1. Fixation, labeling and visualization of degenerating neurons in OHSC
   1. After performing the experiments, incubate the OHSC with 5 µg/mL propidium iodide (PI) for 2 h prior to fixation, in order to stain the nuclei of degenerating neurons.
      CAUTION: PI is a suspected carcinogen, always wear personal protective equipment (PPE) such as gloves.
   2. Wash the OHSC with 0.1 M phosphate buffer (pH 7.4) and fix them with a 4% (v/v) solution of paraformaldehyde (PFA) for 24 h.
      CAUTION: PFA is a toxic and suspected carcinogen. Work under fume hood and wear PPE.
   3. Wash the OHSC in inserts with 1 mL PBS and use a rigger brush to separate slices from the membrane.
   4. Label the OHSC with IB₄ dye in a 24-well plate (Figure 5).
2. Conduction of tumor invasion experiments using fluorescently labeled single cells
   1. 24 h prior to the start of an experiment, label the tumor cells by using the fluorescent dye Carboxyfluorescein diacetate succinimidyl ester (CFDA SE).
   2. Detach and count the tumor cells using a Neubauer chamber.
   3. Resuspend the cells in medium, such that 10 µL of suspension contains the desired cell number (normally 50,000 or 100,000 cells).
   4. Apply 10 µL of the cell suspension onto the slice culture and allow the cells to invade for 3 days.
   5. At the end of the experiment, fix the slice cultures using 4% (v/v) PFA for 24 h, and label the co-cultures with PI for another 24 h to visualize the cytoarchitecture.
      CAUTION: PFA is a toxic and suspected carcinogen.

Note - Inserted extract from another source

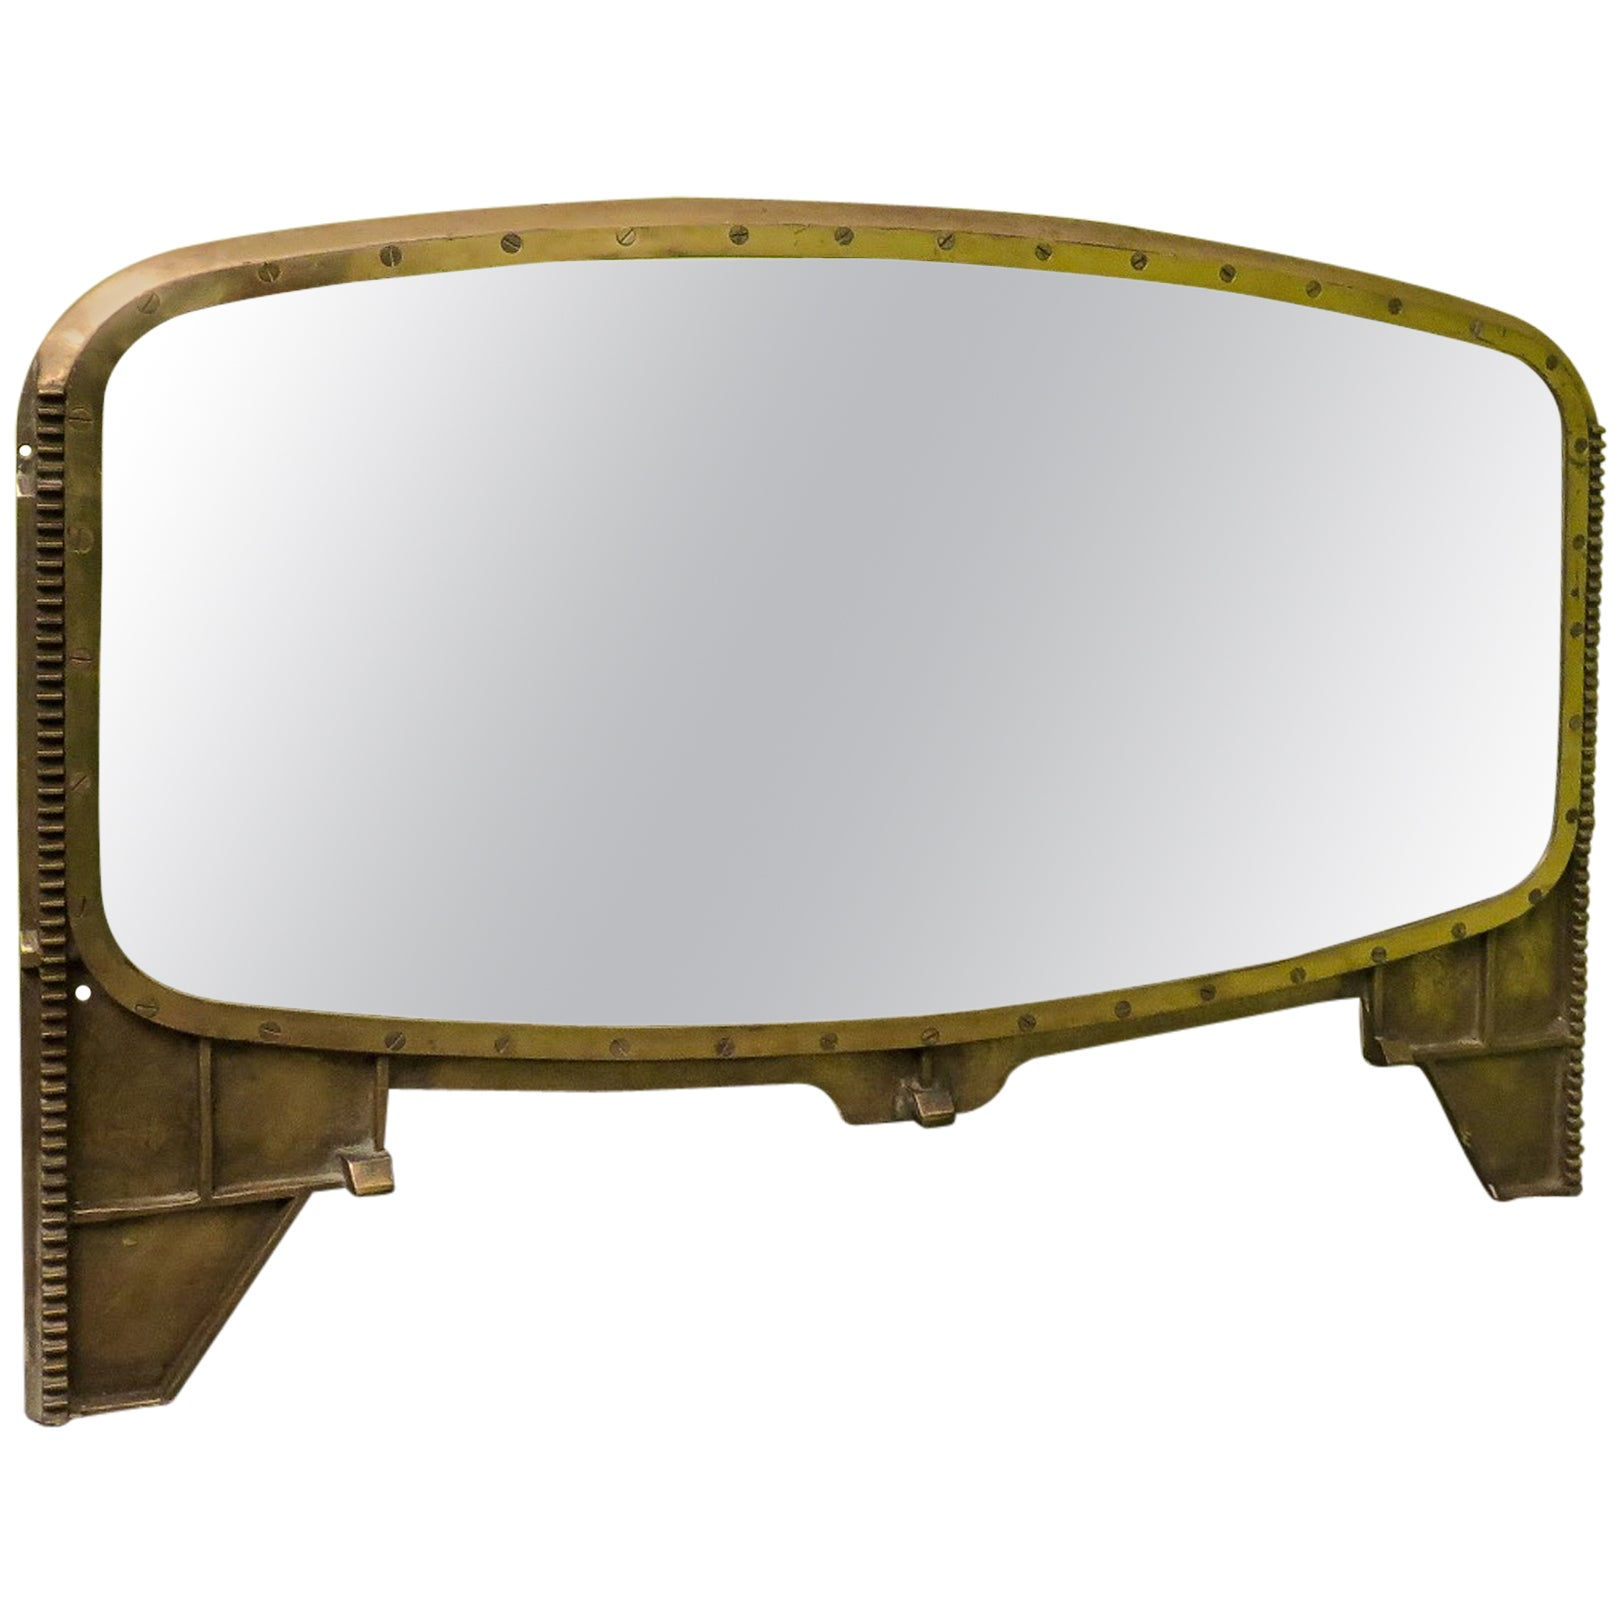 Art Deco Oval Brass Italian Mirror, 1930

Work under fume hood and wear PPE.
   6. Mount the co-cultures onto a cover slip for further analysis using the mounting media.

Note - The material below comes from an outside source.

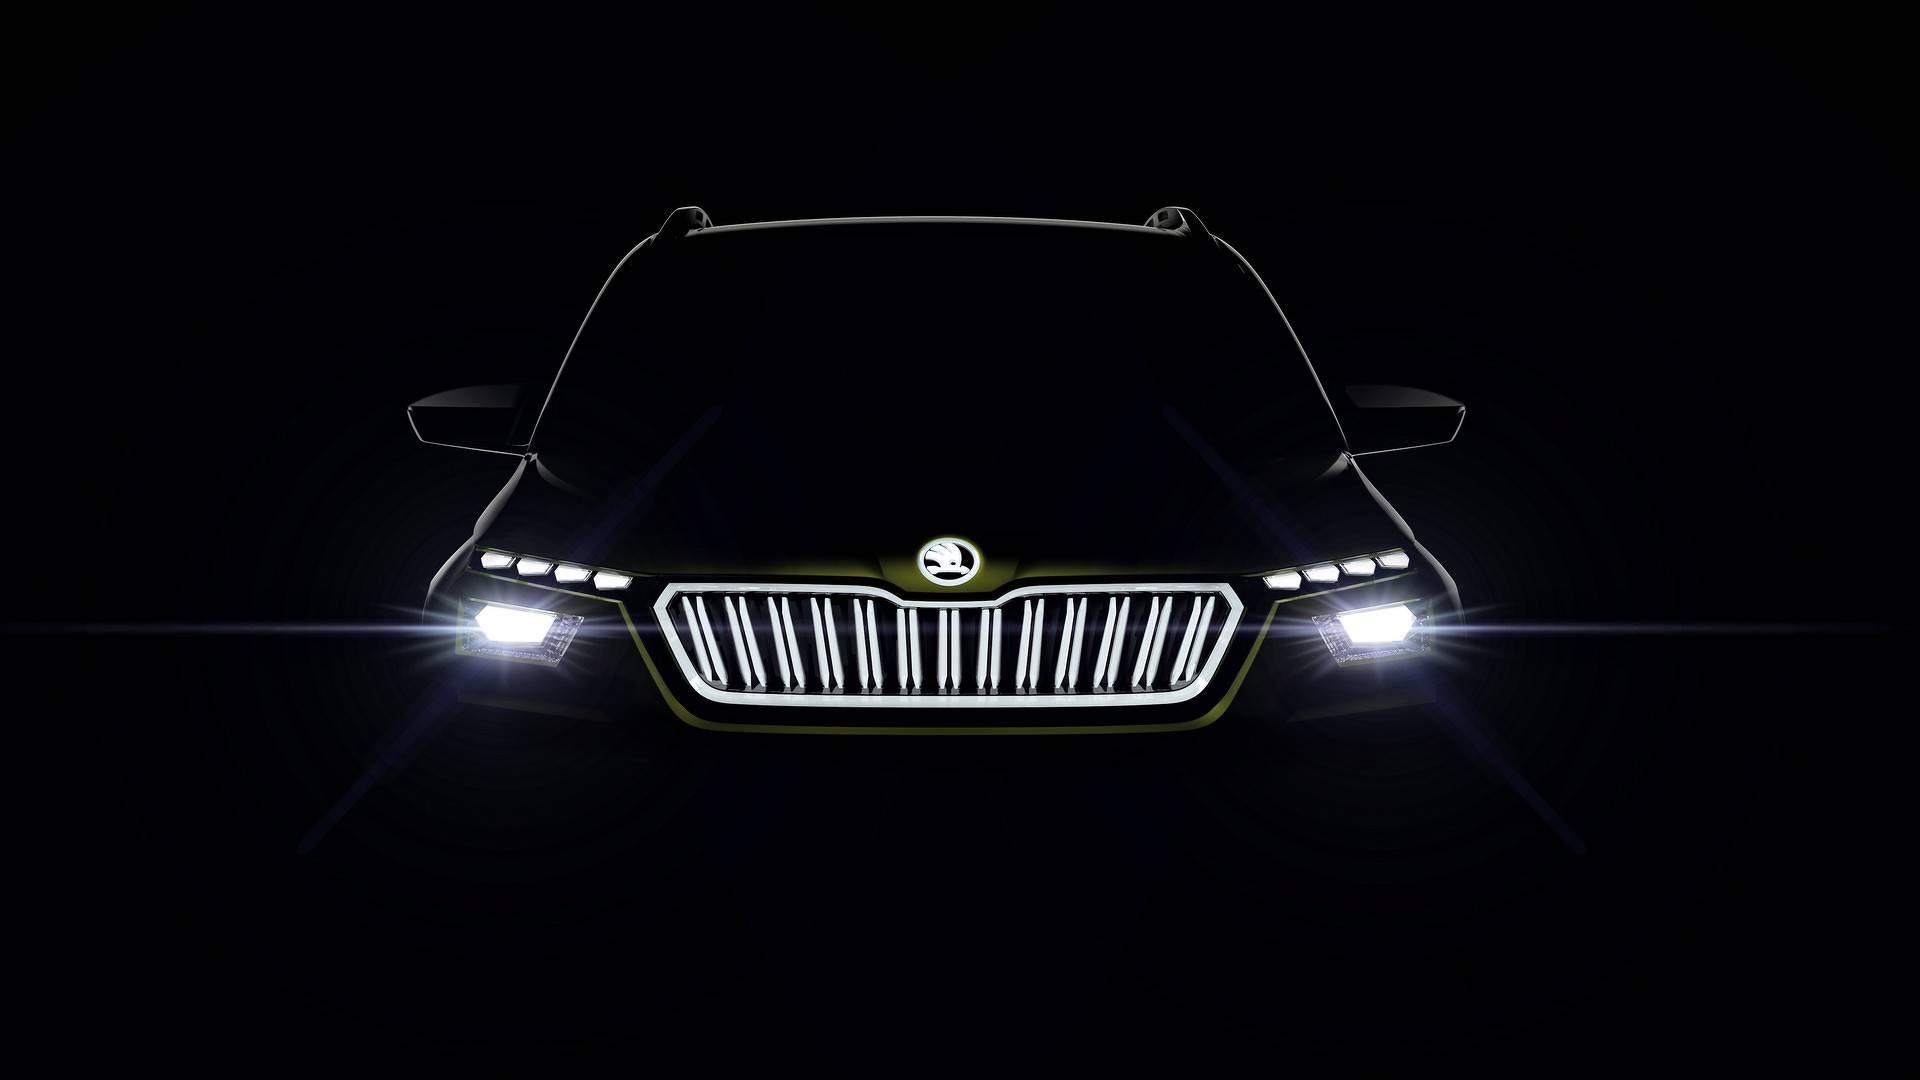 skoda vision x concept teaser اسکودا ایکس یک خودرو کاملا منحصر و زیبا   اجاره ماشین

4. Evaluation of OHSC Experiments

Analyze the OHSC with a confocal laser scanning microscope (CLSM). For detection of PI labeled, degenerating neurons or the PI labeled cytoarchitecture use monochromatic light of the wavelength λ = 543 nm and an emission band pass filter for wavelengths λ = 585-615 nm. For CFDA labeled tumor cells or IB₄ microglia, use an excitation wavelength of λ = 488 nm. For both experimental types, record a z-stack with 2 µm thick optical slices and used for evaluation.